Little Waves is proud to serve only the best specialty coffee, Areli says, even if it’s not the most popular.
This often means making bold decisions about which farmers to buy from — in this case, buying coffee beans from Africa, even though many people find these beans too bitter and acidic.
As an entrepreneur, Areli sees not only the struggles of farmers, but also the devastating effects the coffee industry can have on our planet, and by taking conscionable steps and using sustainable practices, Little Waves hopes to undo that.
And so, it’s no surprise that in the midst of COVID-19 and all the fear and shutdowns it’s brought us, Areli and her team have stepped up.
They’ve come out to show the beautiful side of humanity. They could have easily let their workers go. Instead, they made a determined choice to do what they could to keep paying them.
They’ve continued their mission of enriching others’ lives through offering brand new coffee classes and a coffee subscription, creating a “virtual tip jar” for their employees who can’t work in the shops for the time being, and even creating a healthcare worker contribution fund to reach outside their own doors.
3) Melissa Villanueva, Brewpoint Coffee (Illinois)
Like Gabi and Areli, Melissa isn’t someone who always knew she wanted to own her own coffee shop.
Instead, her story is perhaps the most accidental of all:
One day, cruising Craigslist for an espresso machine, Melissa ended up instead buying a coffeeshop.
Six years later, she’s now the CEO of Brewpoint Coffee, the author of a guide on how to start and run a coffeeshop, and an all-around inspiring advocate for the power of coffee in creating community.

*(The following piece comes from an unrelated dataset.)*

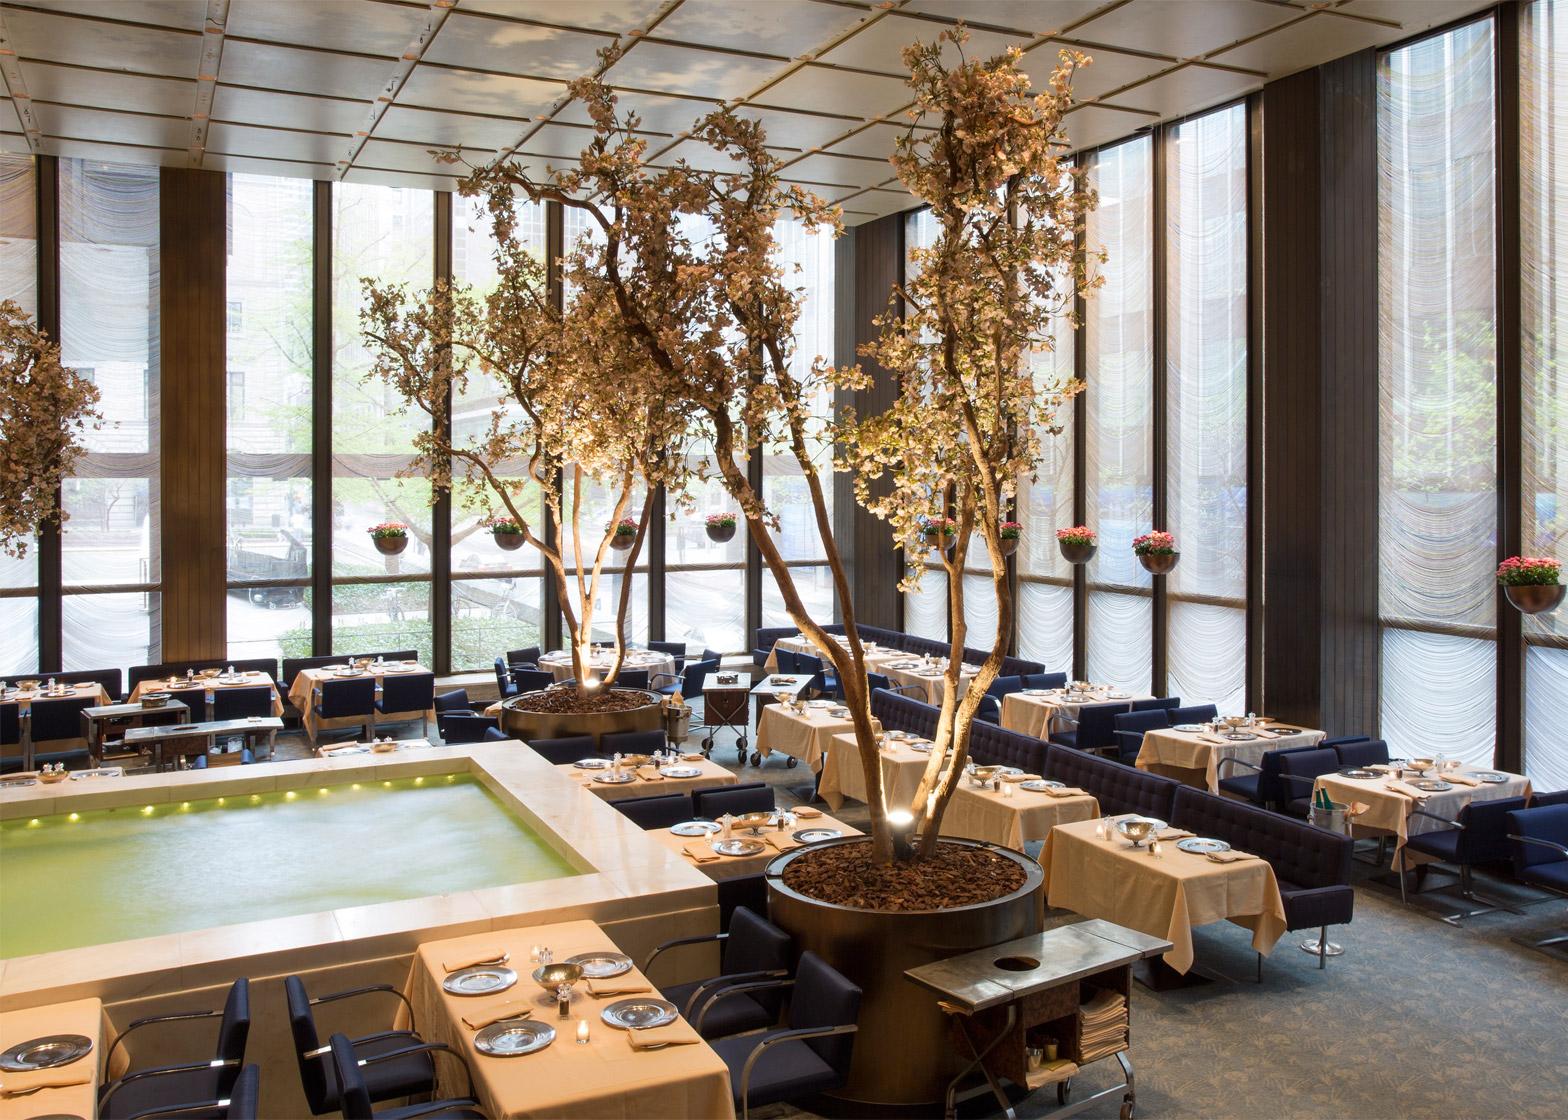 four-seasons-restaurant-interior-seagram-building-philip-johnson-mies-van-der-rohe-auction-new-york-city-usa-news_dezeen_1568_3

As noted on her website, Melissa believes that a coffee shop is a “symbolic space for connection and creativity.”
It’s a place that gives communities the space and ability to rest from the rat race. To just breathe.
Coffee, in Melissa’s eyes, isn’t just a drink to down to get through your day, but an experience and an opportunity to connect.

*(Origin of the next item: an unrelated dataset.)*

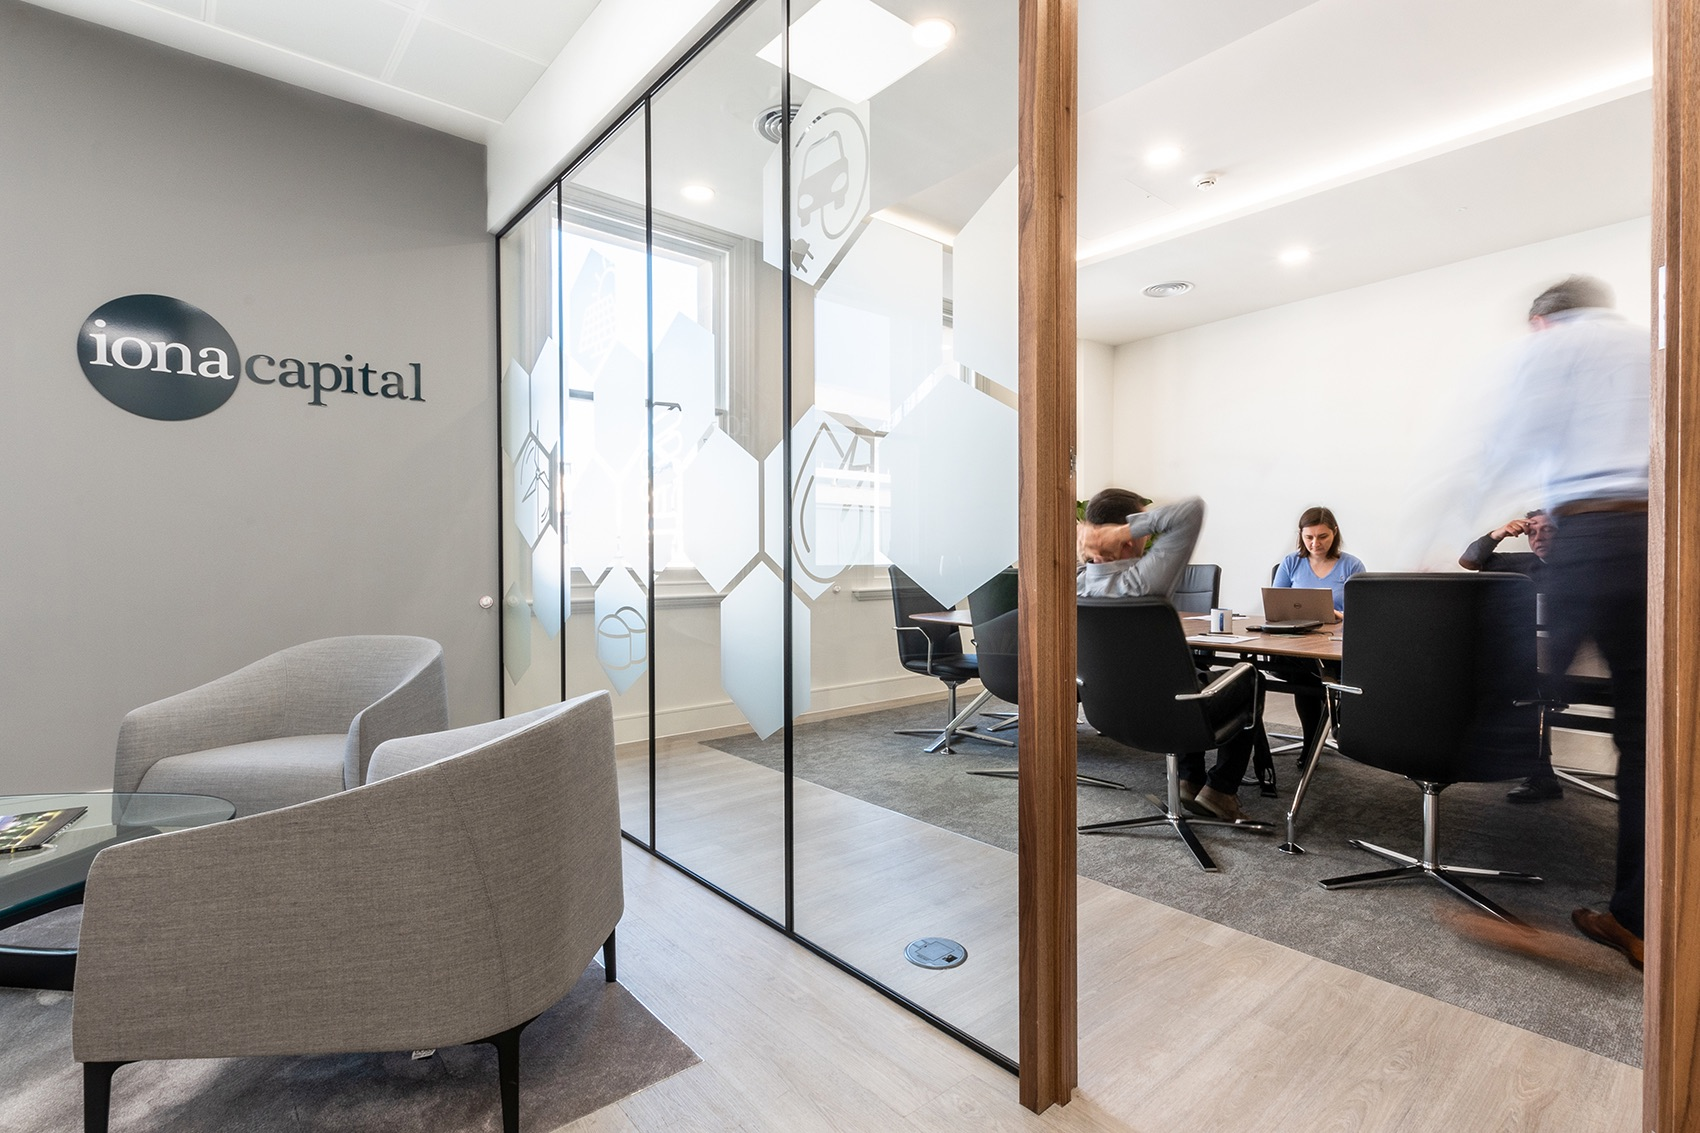 iona-capital-london-office-7

And not just connect, but serve.
Together with her husband Angelo, Melissa seeks to better the world through Brewpoint.
For her, owning 100% of her company means she gets full control of making decisions such as hiring and empowering minorities. This is something she has in common with Little Waves, where all the employees are female and non-binary.
Additionally, having full control allows Melissa to be a visionary, creating positive change through her current initiatives such as providing coffee to frontline workers and the option to “Buy One Gift One” where for every bag of coffee purchased, a bag is given to a worker on the frontlines.
If you enjoy supporting female roasters and women- owned coffee shops, you won’t want to miss Brewpoint.
Brewpoint’s efforts to help people get through the pandemic are also consistent with their general interest in taking care of our planet.
This means taking care of both people and Earth’s resources.
Like Caballo Rojo and Little Waves, every step in the process from farm to table is taken with great care.
This is because each company feels a great responsibility to do good in the world.
Female Coffee Roasters & Their Impact
If there’s one thing we’ve realized during these current challenging times, it’s how much we love and need coffee.
And some of us have certainly had the time to learn about coffee.
Perhaps we’ve also had time even to appreciate it a bit more.
It’s in times like these we need positive role models like Gabi, Areli, and Melissa; however, their work was going on before and will keep going on once things get back to normal.
In a world traditionally dominated by white males, these female coffee roasters are having an incredible impact, particularly in the ethical coffee space.
They are showing us how important it is to care about the world around us. And how we can do so even with something as small as buying a cup (or bag!) of coffee.
Not only that, but community — as envisioned by these three incredible female coffee roasters — is exactly what we need right now.
It’ll do us all good as we look to eventually rebuild and return to normalcy. And as we look to see what we can possibly do better.